- **Supplied information**:
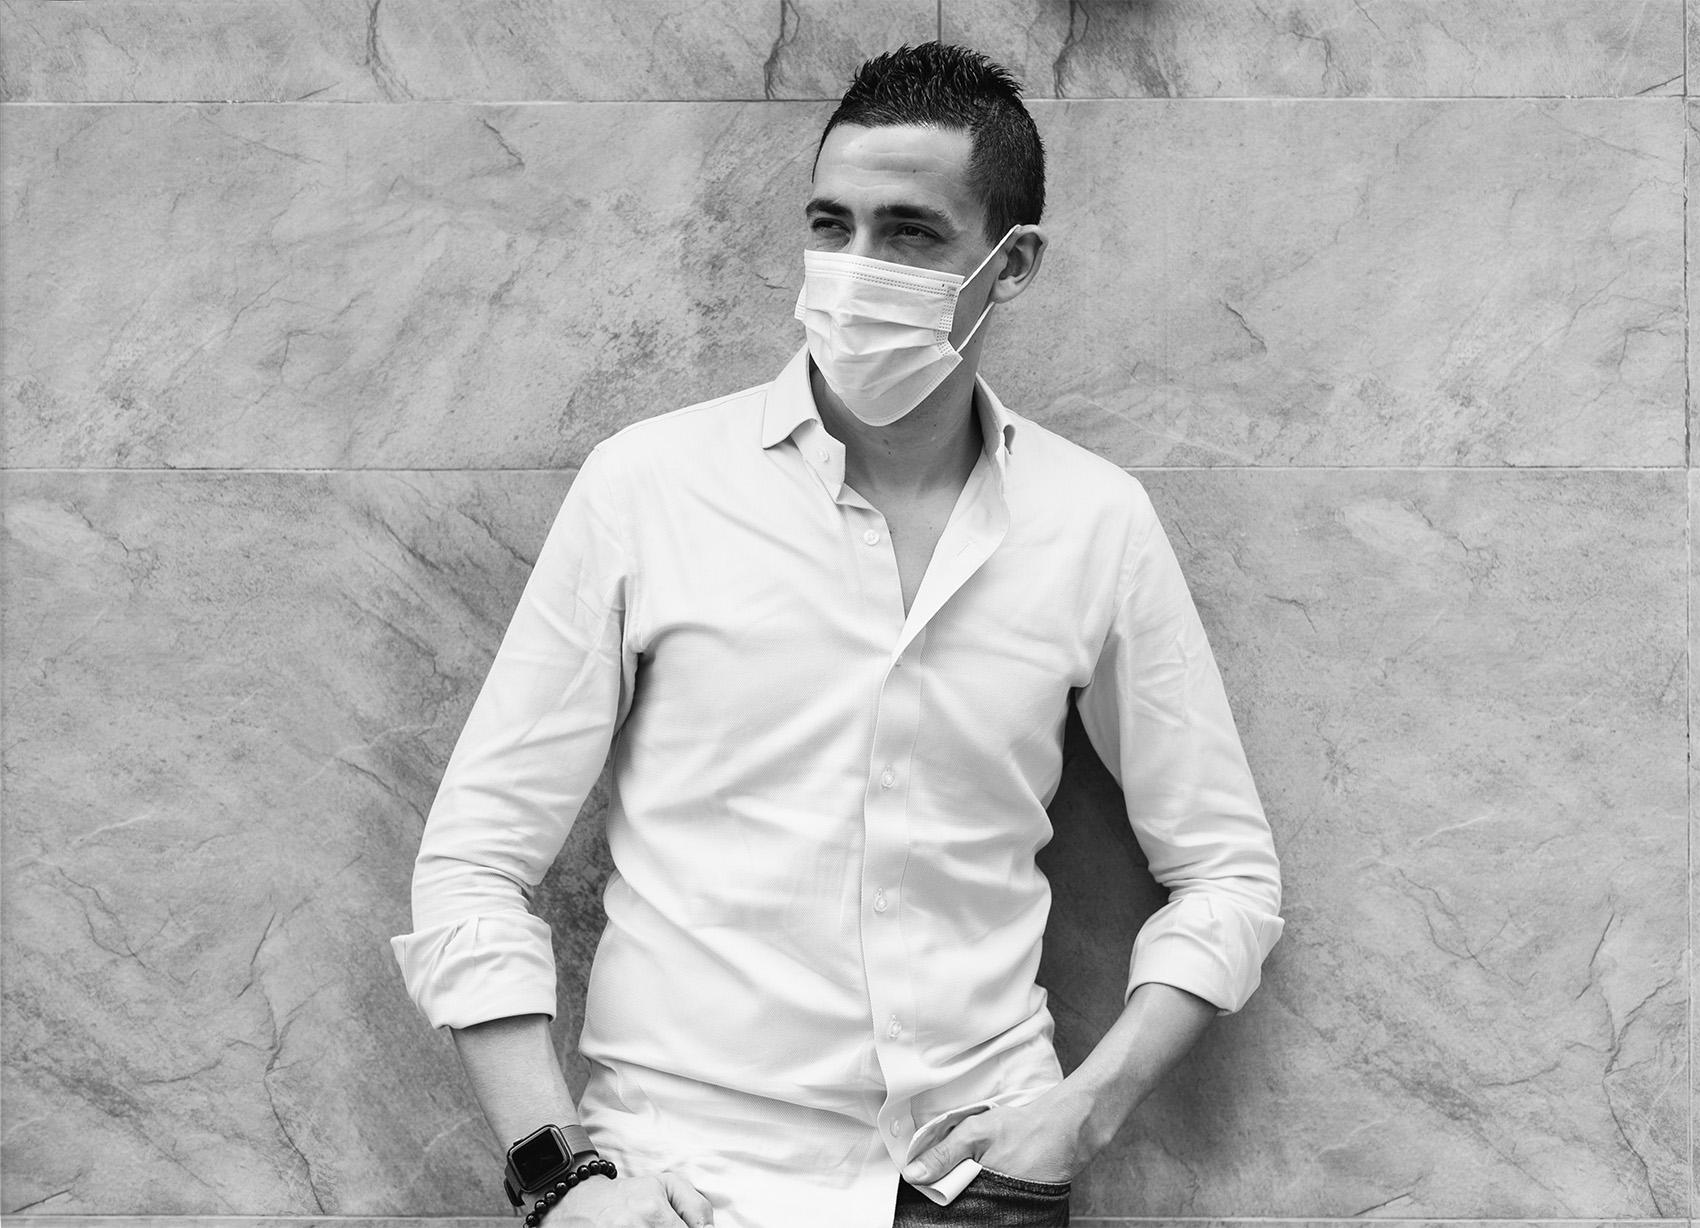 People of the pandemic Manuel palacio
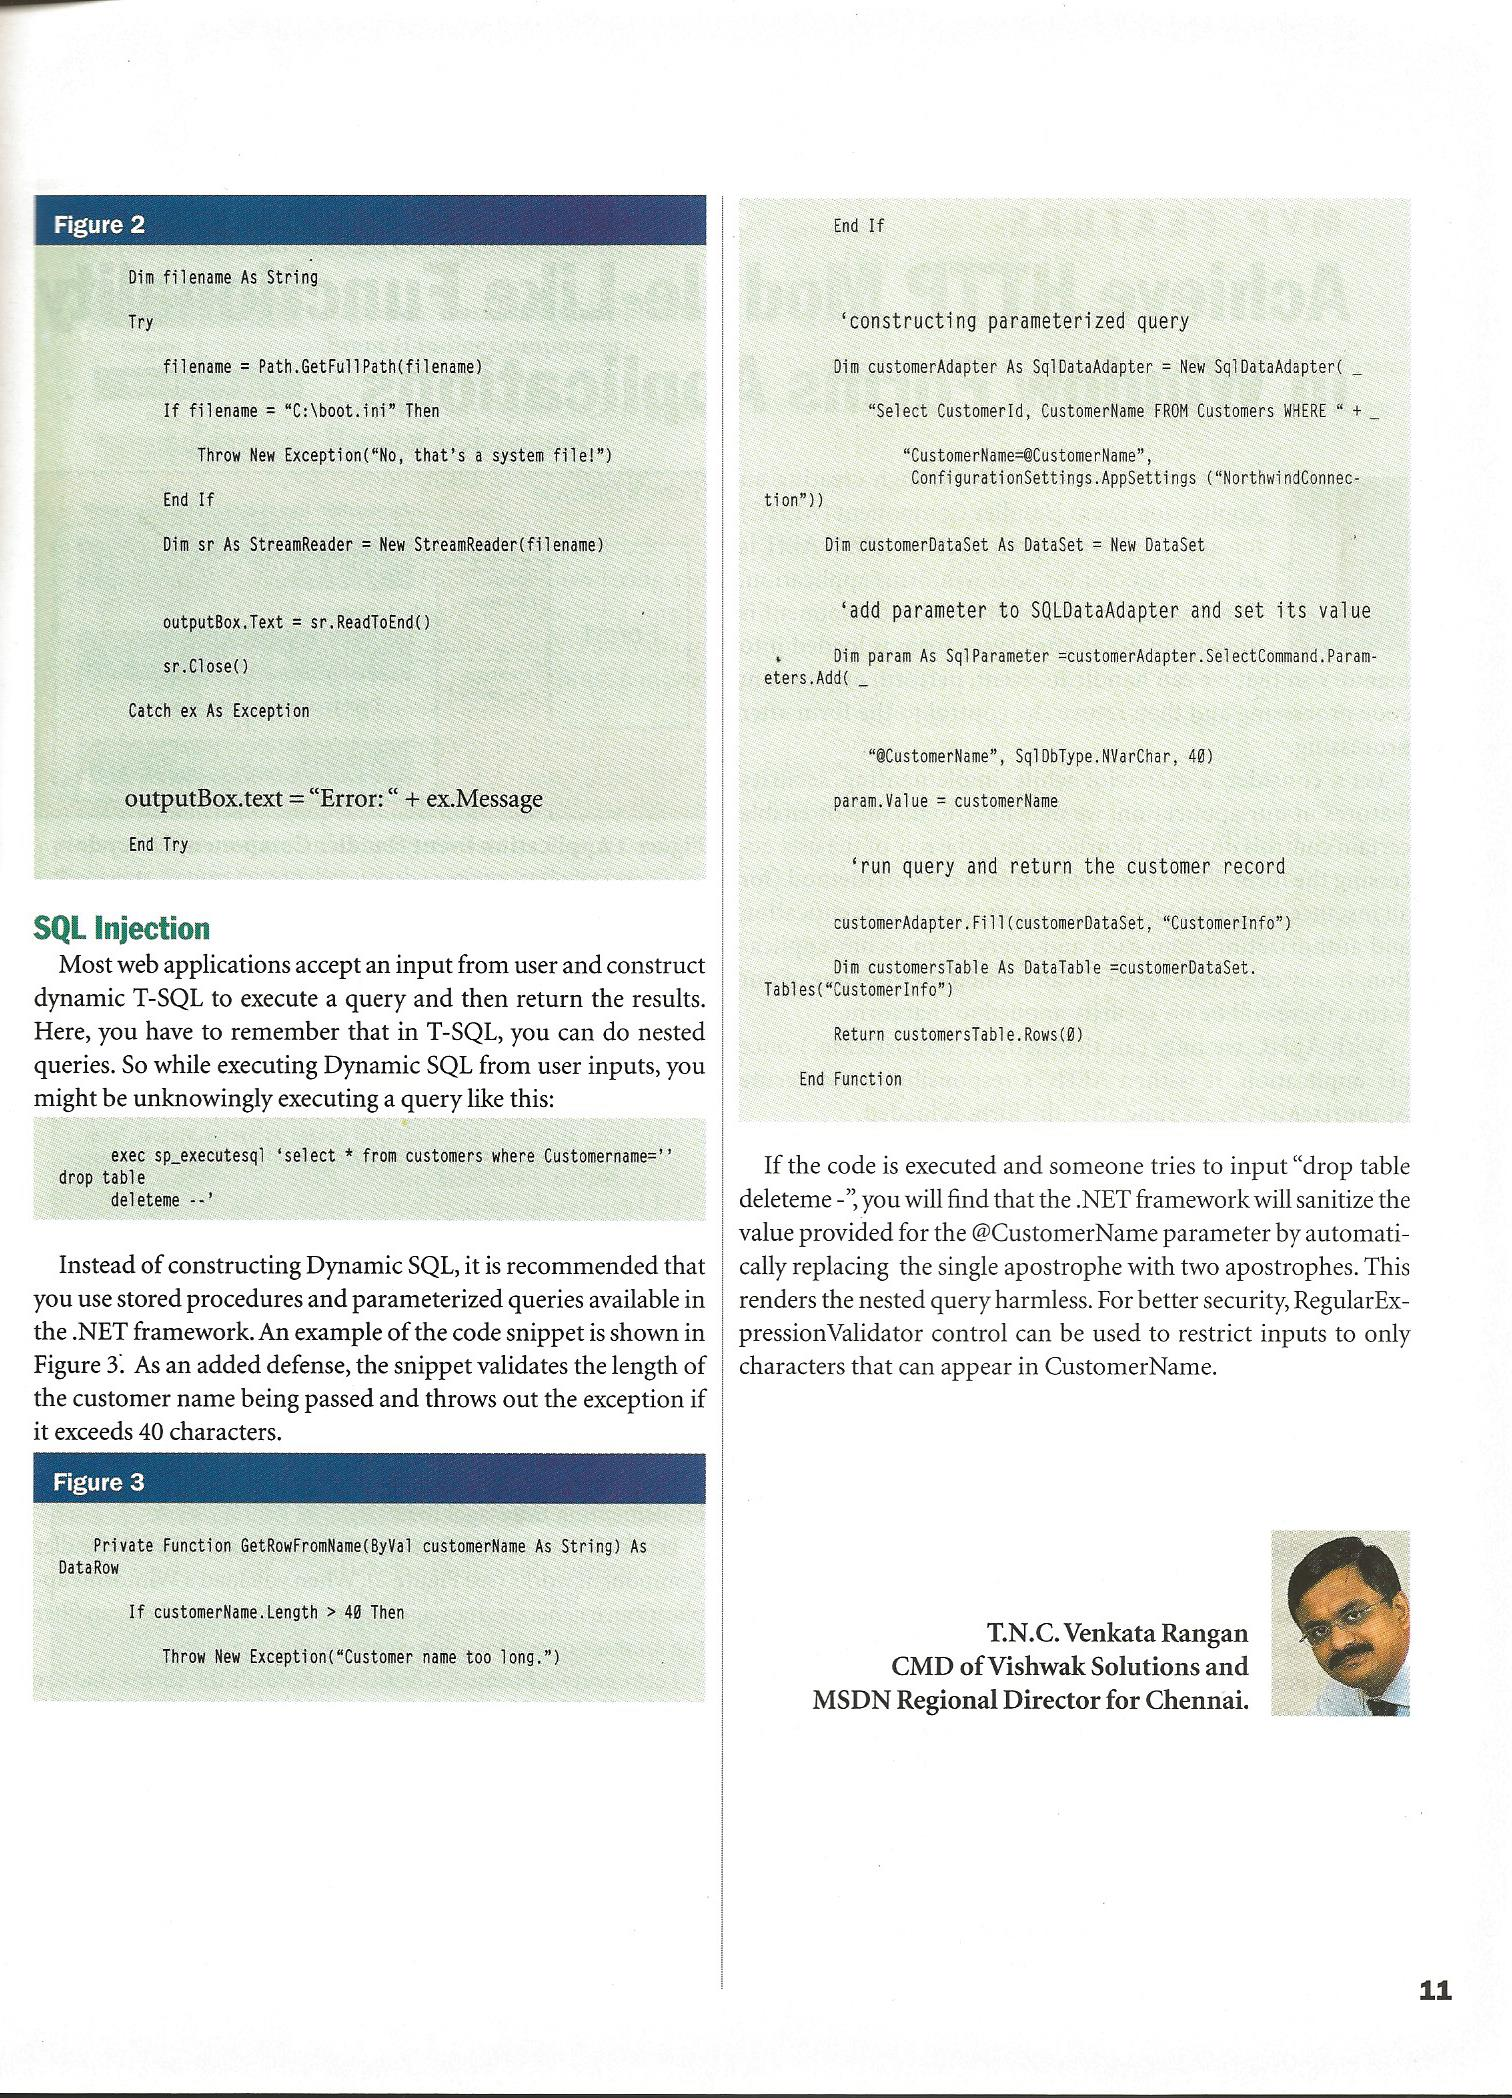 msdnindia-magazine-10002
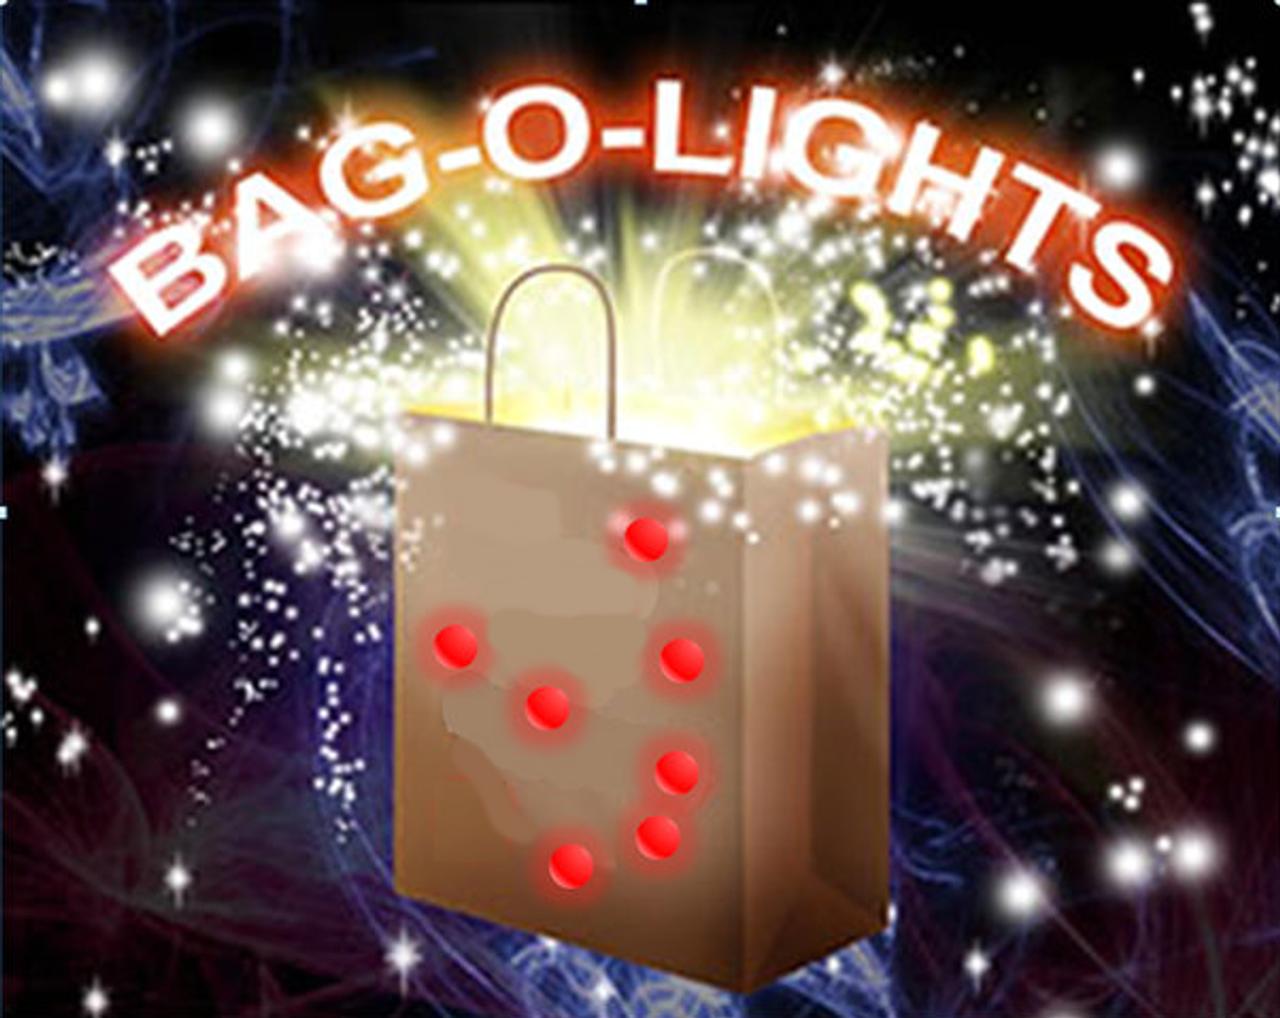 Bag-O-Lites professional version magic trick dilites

- **Task to carry out**:
Reproduce all of the data exactly; the pictures do not belong in the copy.

- **Finished exercise**:
 People of the pandemic Manuel palacio
 msdnindia-magazine-10002
 Bag-O-Lites professional version magic trick dilites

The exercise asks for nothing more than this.